If you make a complaint before or at the same time as your legal action this can sometimes delay things. A judge may rule that the investigation of a complaint may interfere with a legal case and it may take longer to get a resolution.

What is clinical negligence? 

Clinical negligence is when you are injured by a healthcare professional whilst in their care. This can include, but is not restricted to:

  • Failure to diagnose your condition
  • Misdiagnosed your condition
  • Made a mistake during a procedure that has caused you prolonged pain or injury
  • Prescribed, or gave you the wrong drug
  • Didn’t get your informed consent for treatment
  • Didn’t warn you of the risks of the treatment you were having

However, you can only claim for clinical negligence if the care you received fell below acceptable standards and directly caused you injury. There are cases of “medical accidents” or “patient safety incidents” where things go wrong, but these aren’t classed as negligent if you weren’t injured specifically by the mistake.

These are quite difficult tests to prove, but our specialist panel solicitors have access to hundreds of expert medical witnesses who can help you with your case.


A claim for compensation for clinical negligence can be made by you or for a next of kin who died or doesn’t have the capacity to make a claim on their own.

Compensation can be claimed for any injuries or losses caused as a direct result of the poor treatment you received. 

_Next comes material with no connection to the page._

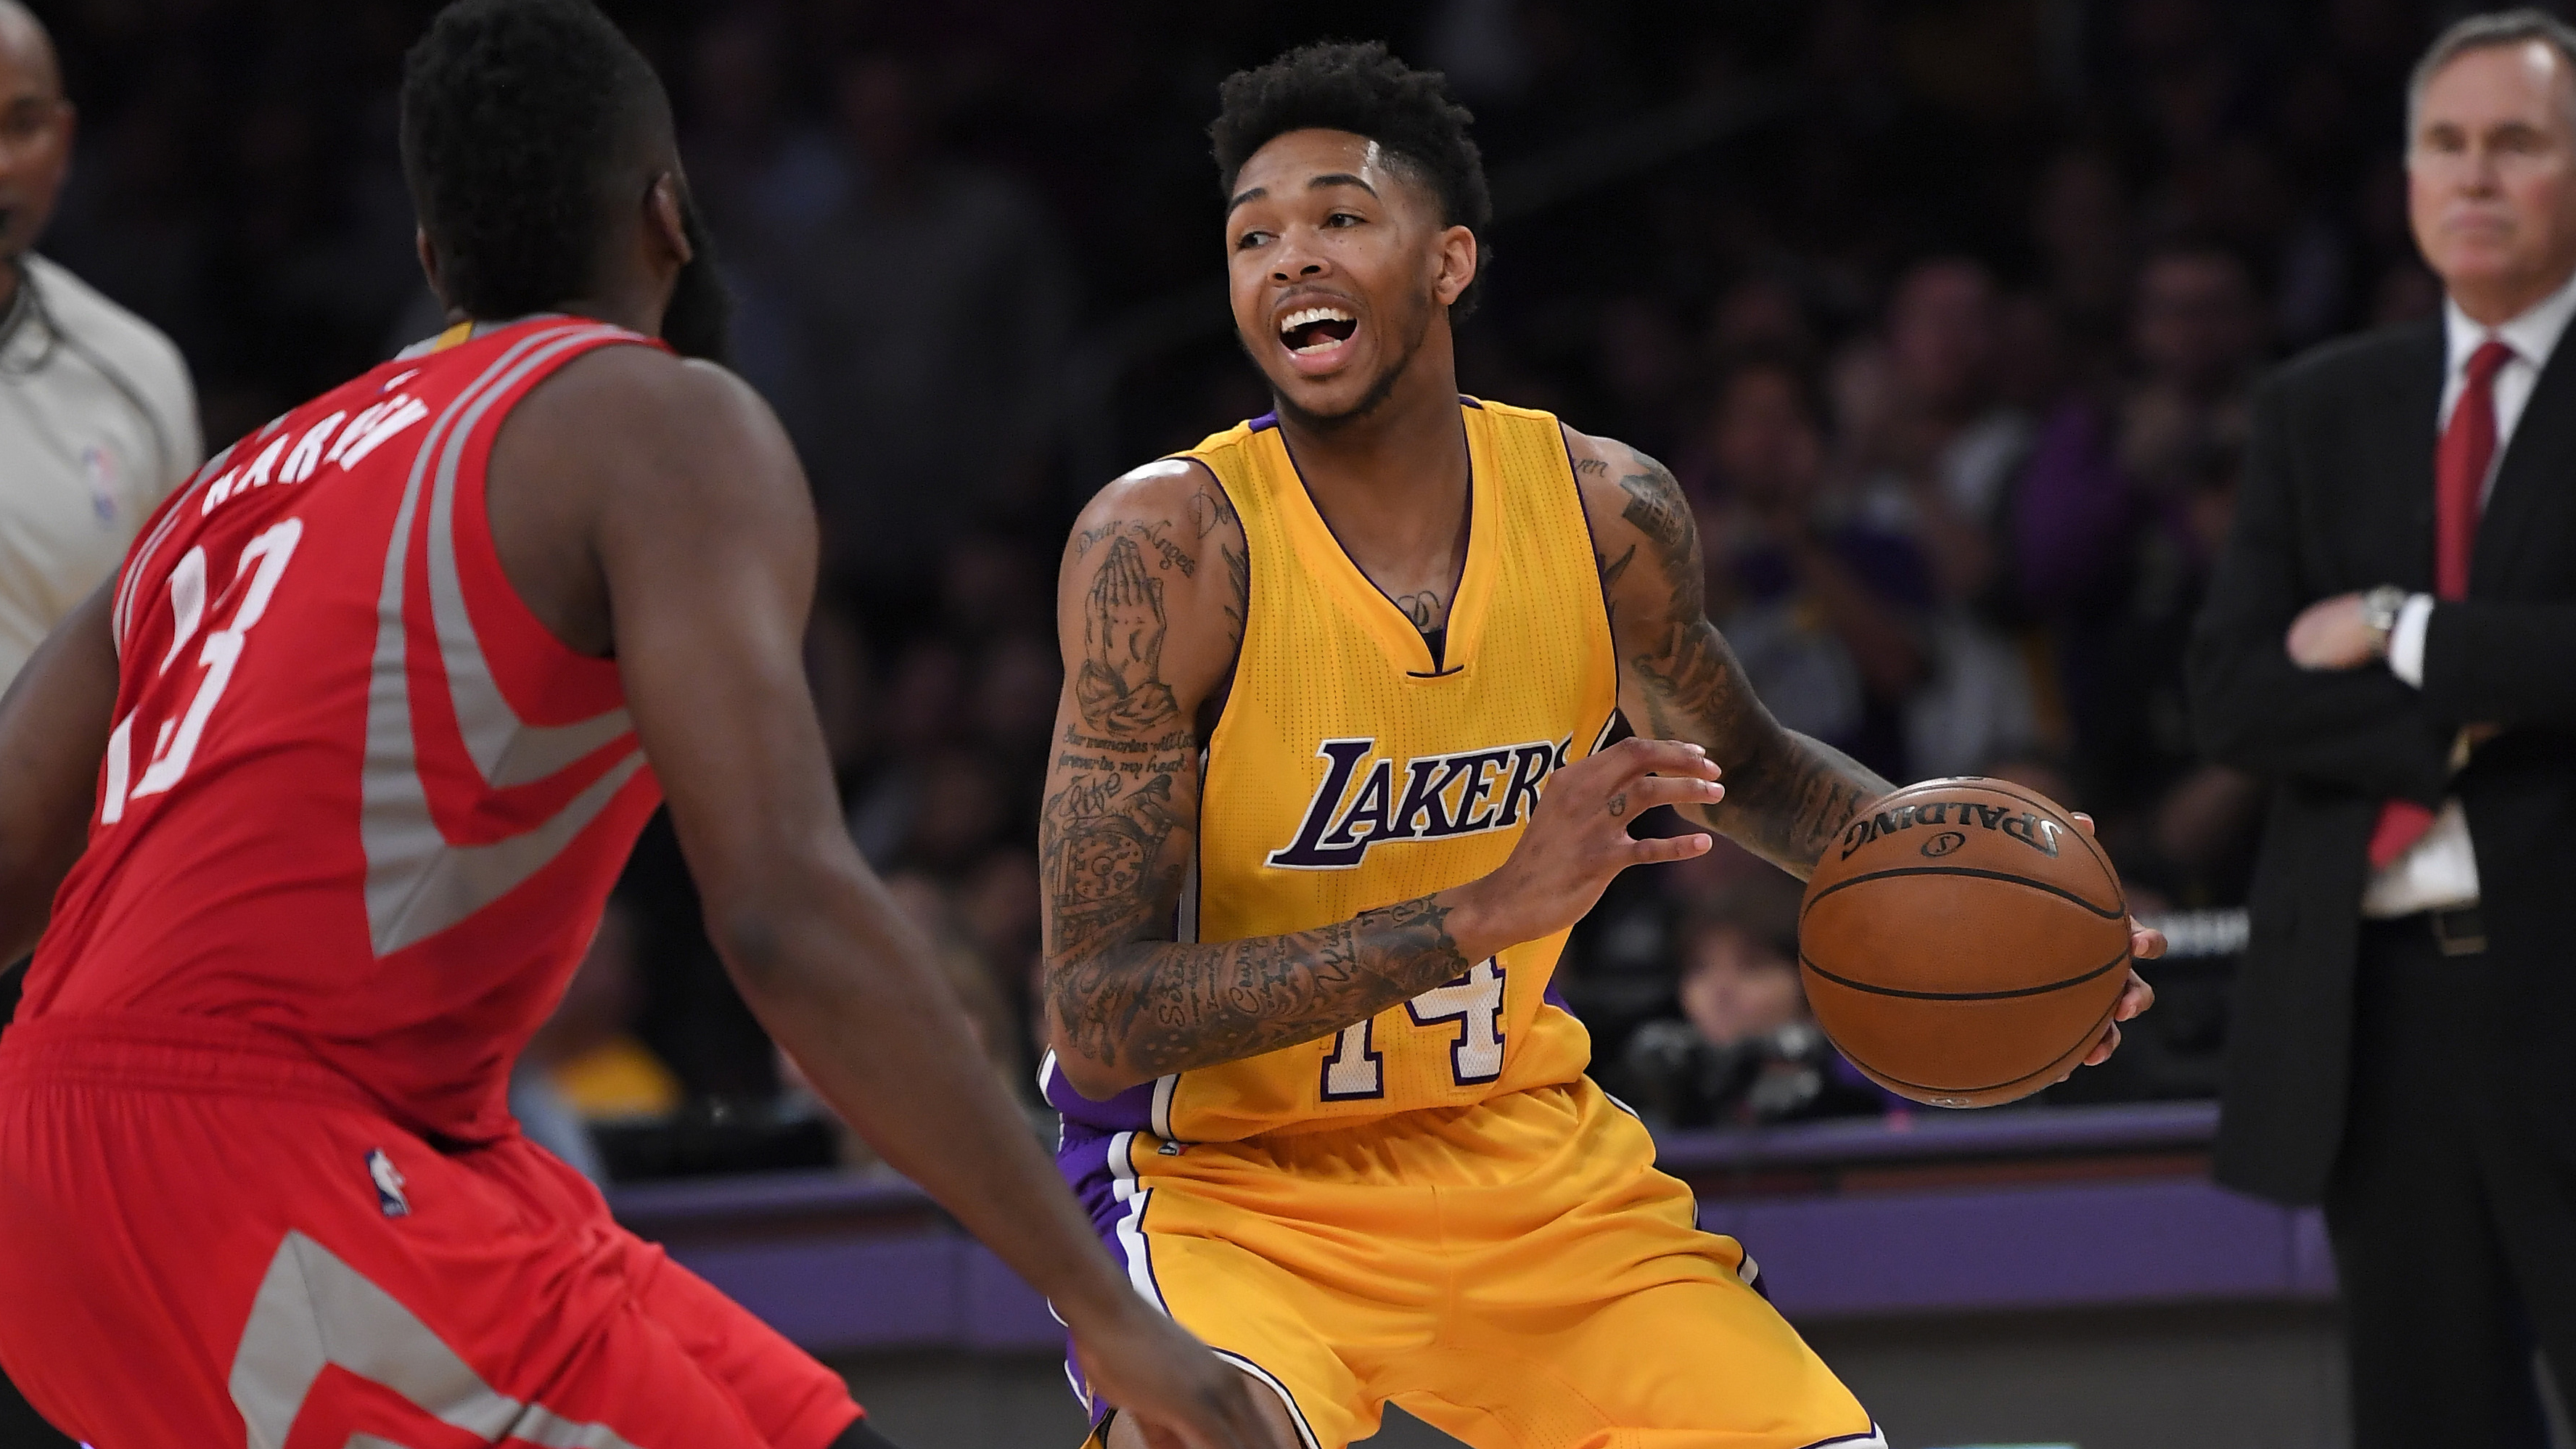 Ingram (rodilla), Lakers, abandona duelo vs. Jazz

This can include, but is not limited to:

  • Compensation for ongoing pain and suffering
  • Compensation to cover the cost of ongoing treatment
  • Compensation for loss of earnings
  • The cost of any extra equipment you need to live a full life
  • The cost of adapting your home
  • You can read more about how compensation is calculated in our article: How medical negligence compensation is calculated

What does no-win-no-fee mean?

Our panel solicitors work on a no-win-no-fee agreement with their clients. The proper name for this arrangement is a condition fee agreement.

This means that you don’t have to pay the solicitors fee if you don’t win the case.

However, if you win the case, your solicitor will take a percentage of your compensation as their success fee. This percentage will be explained to you before you start the process.